Государственный мужик на мавзолее

Председатель Совета Министров СССР Алексей Николаевич Косыгин (слева) с супругой (2 справа) встречается с королевой Елизаветой II (2 слева) и принцем Филиппом (справа) во время своего визита в Великобританию 12.02.1967 Фото из Google

 

Отрывок из романа

 На следующее утро, когда коллеги ещё отдыхали от вчерашних трудов праведных, Косыгин, тщательно выбритый, бодрый и  целеустремлённый, после быстрого завтрака, уже нёсся в Волге в аэропорт Тетёркино, чтобы лететь в Самотлор, где его уже выглядывали. Самолёт ждал предсовмина всю ночь, и экипаж лишь перекемарил несколько часов в комнате отдыха.

Премьерская Волга  подлетела прямо к трапу, и Косыгин, не мешкая и не оборачиваясь, поднялся  на борт. Прощаться было не с кем, потому что никто не провожал. Все главные артисты пьесы ещё спали, полагая, что гость торопиться не будет. И проспали отлёт.

– Летим! – Дал команду Алексей Николаевич. Командир корабля козырнул и прошёл к штурвалу. Самолёт двинулся на ВПП.

Когда взлетели, Косыгин попросил у помощника папку с материалами по Тюмени.

Но немного полистав её, отложил на соседнее, всегда свободное сиденье. Прикрыл глаза, поддаваясь убаюкивающему гипнозу полёта. Он вспомнил почему-то Ленинград, 1942-й.

 

Тогда он много раз, выполняя поручения Сталина, летал в блокадный город. Полгода, с января по июль 1942-го, работал в качестве уполномоченного ГКО (Государственного комитета обороны) в блокадном Ленинграде, организуя снабжение горожан и войск, одновременно руководя эвакуацией населения из окружённого города и прокладкой топливопровода по дну Ладожского озера, как важного элемента создания “Дороги жизни”.

 

При первой же возможности поехал к отцу.

– На Малую Вульфову! – Приказал водителю. Молодой сержант растерялся.

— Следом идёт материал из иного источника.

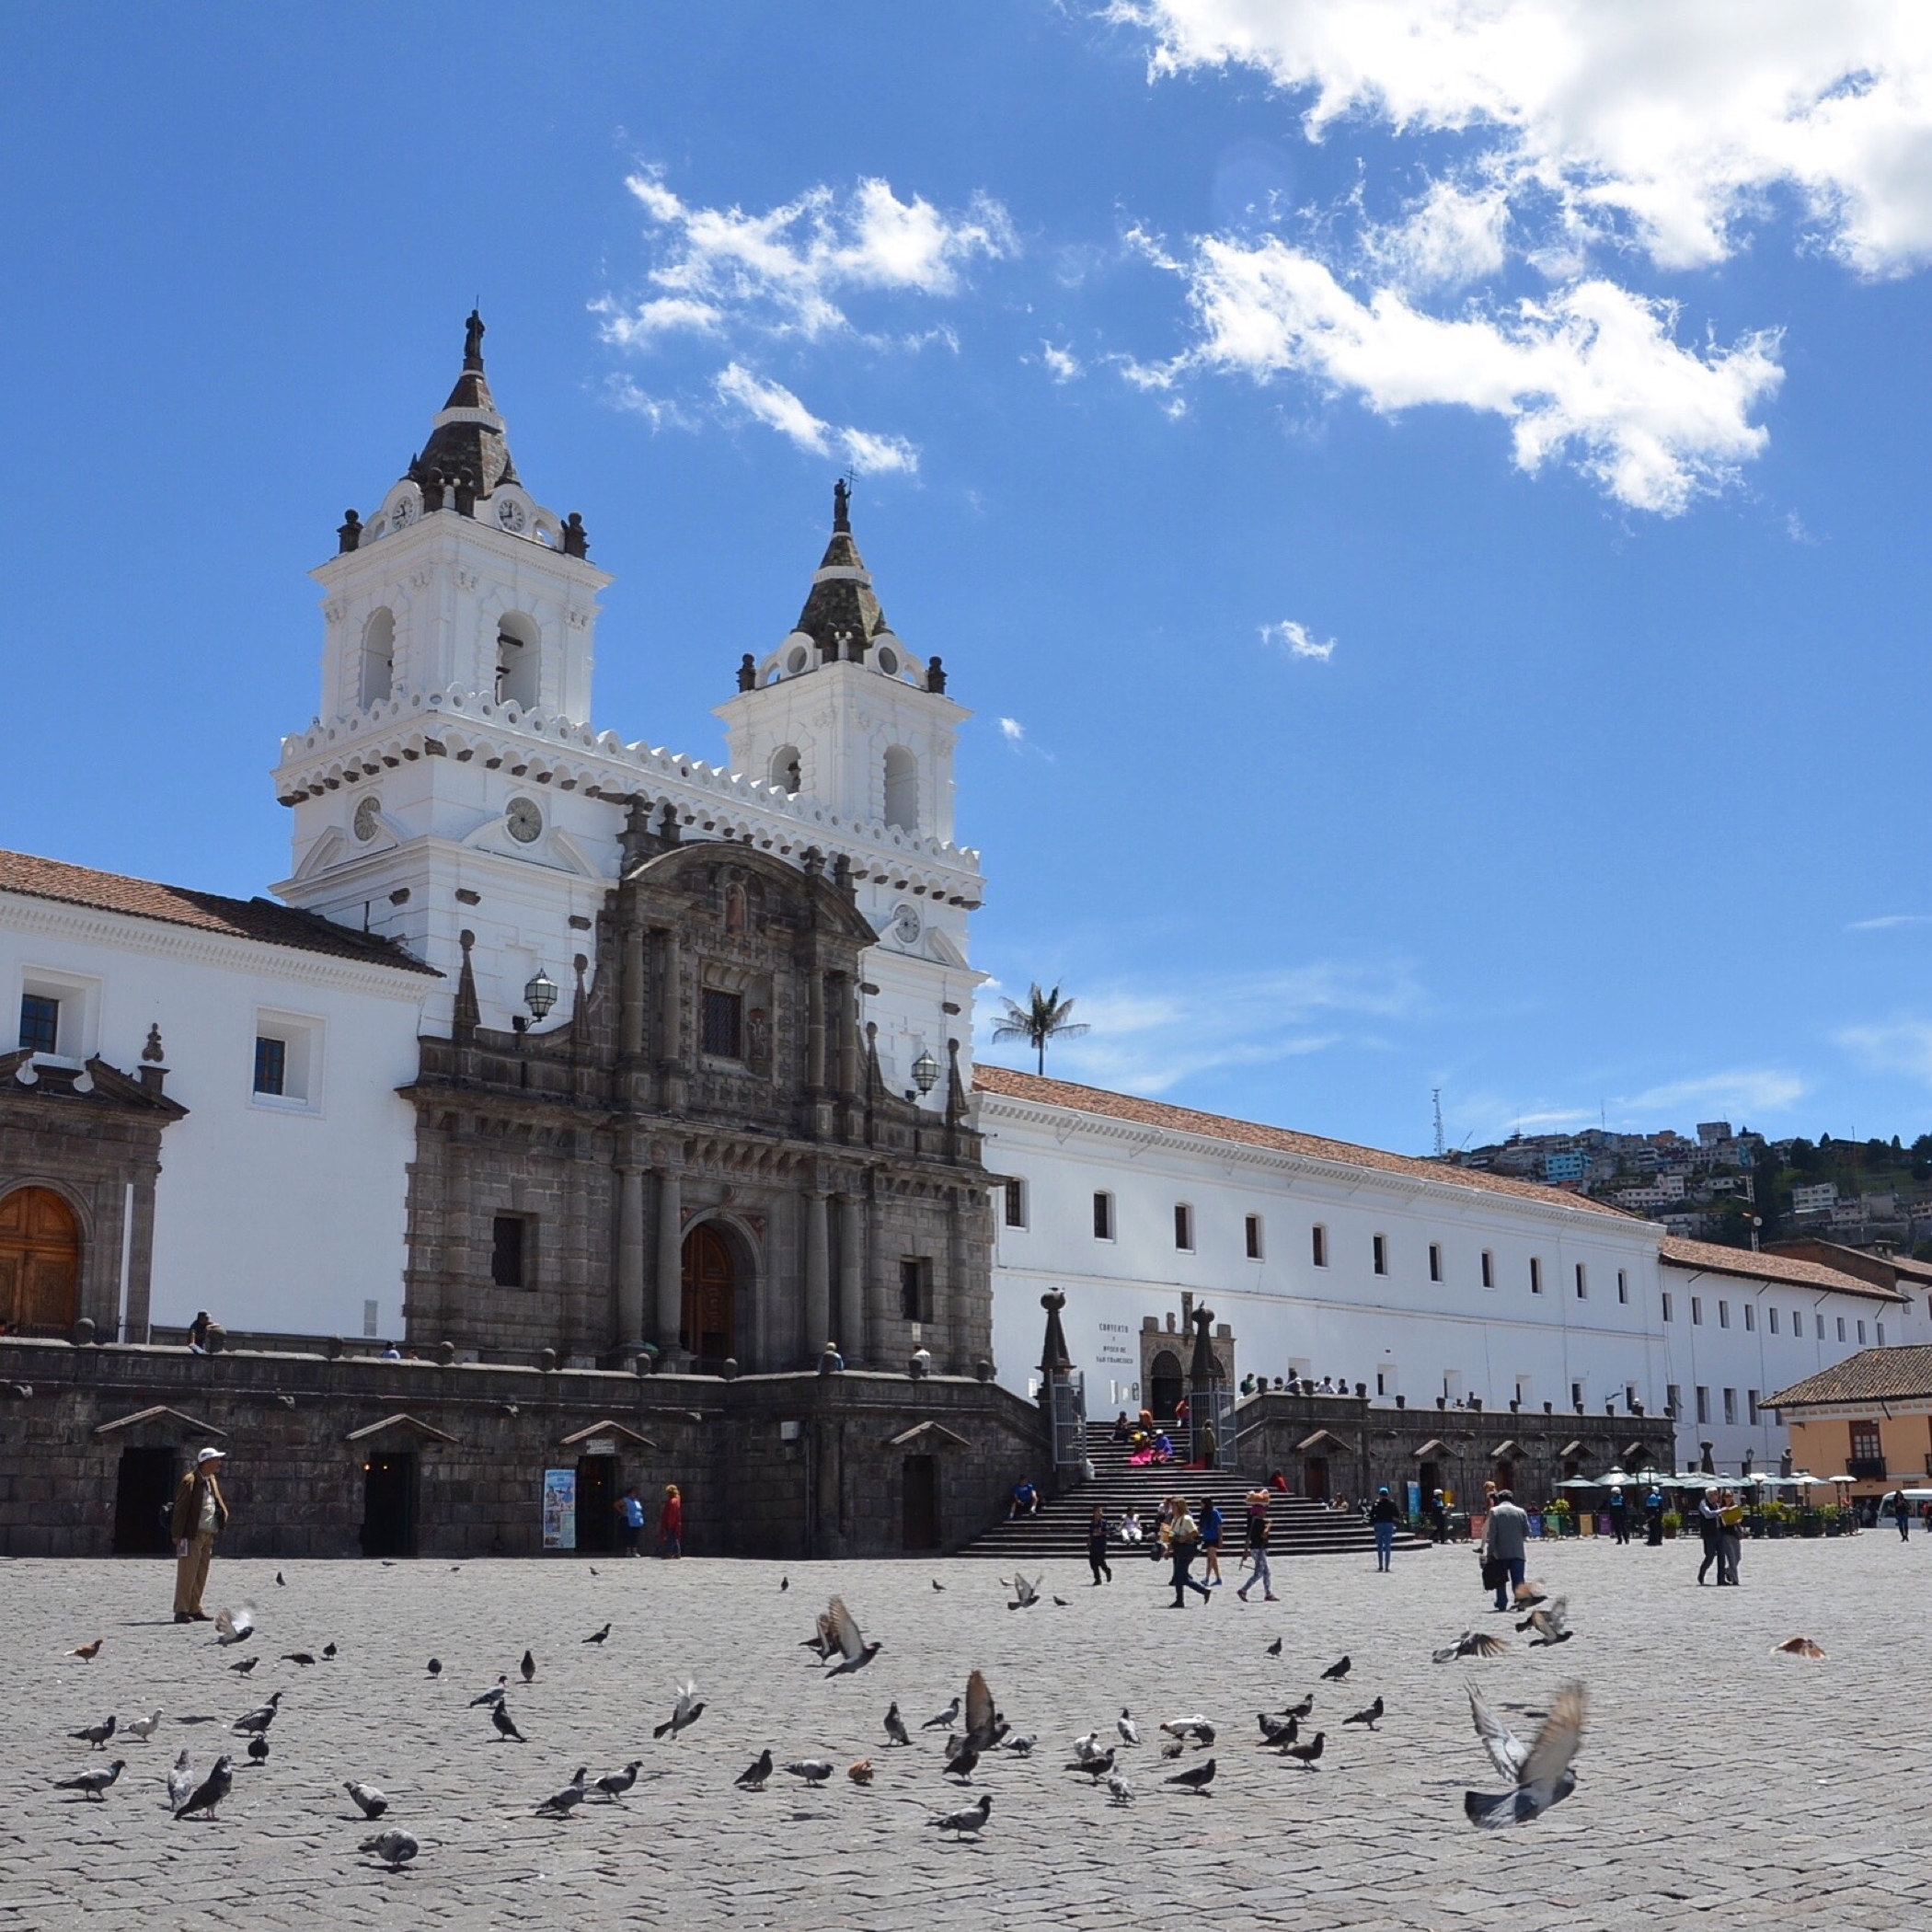 One favorite Instagram 2015 photo from Quito in Ecuador

Это где же, товарищ Косыгин? Что-то не встречал такую улицу.

– Ах, да, прости, растерялся. На улицу Котовского…

– Другое дело! – Заулыбался шофёр. – Нет проблем!

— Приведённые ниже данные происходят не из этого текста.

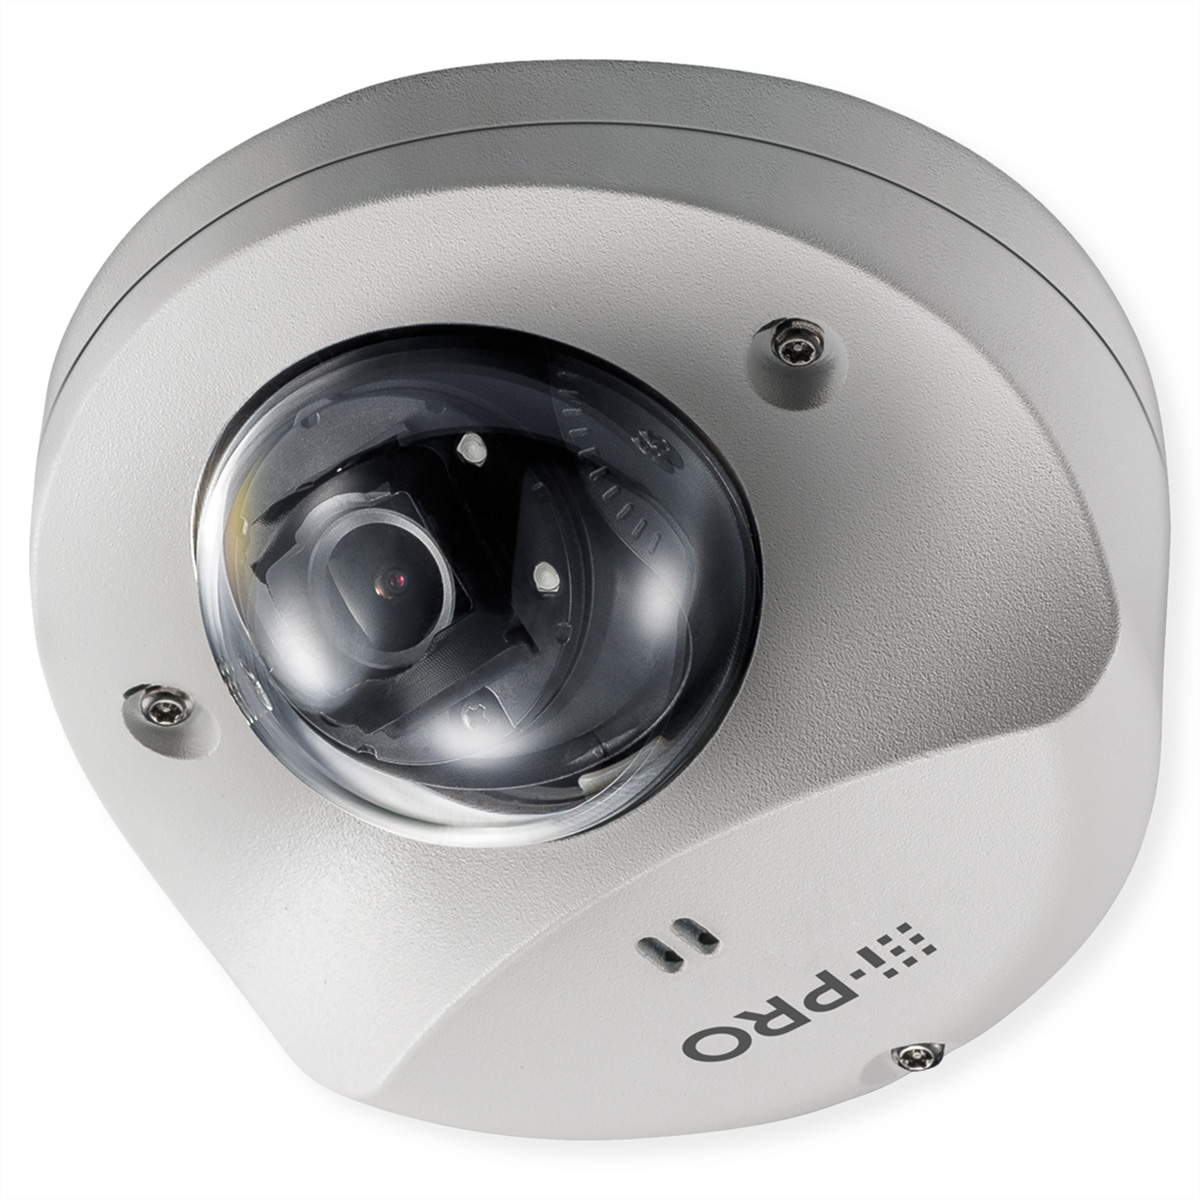 i-PRO Extreme WV-S3531L Fix Mini-Dome IP Kamera, Full-HD, IP66 und IK10

Вот и родной дом на Малой Вульфовой. Снег на тротуаре перед парадной и вдоль дома аккуратно подметен. Значит, отец здоров  и даже ещё потихоньку дворничает. Но главное – жив.

Волнуясь, взбежал на этаж, быстрым поворотом головы остужая охрану. С трепетом позвонил в родную коммунальную квартиру, нажав звонок три раза, что означало вызов для жильцов  из большой комнаты. Долго никто не выходил, наконец, загремели запоры и в двери показался давно не бритый, бородатый, как Дед-Мороз, батя…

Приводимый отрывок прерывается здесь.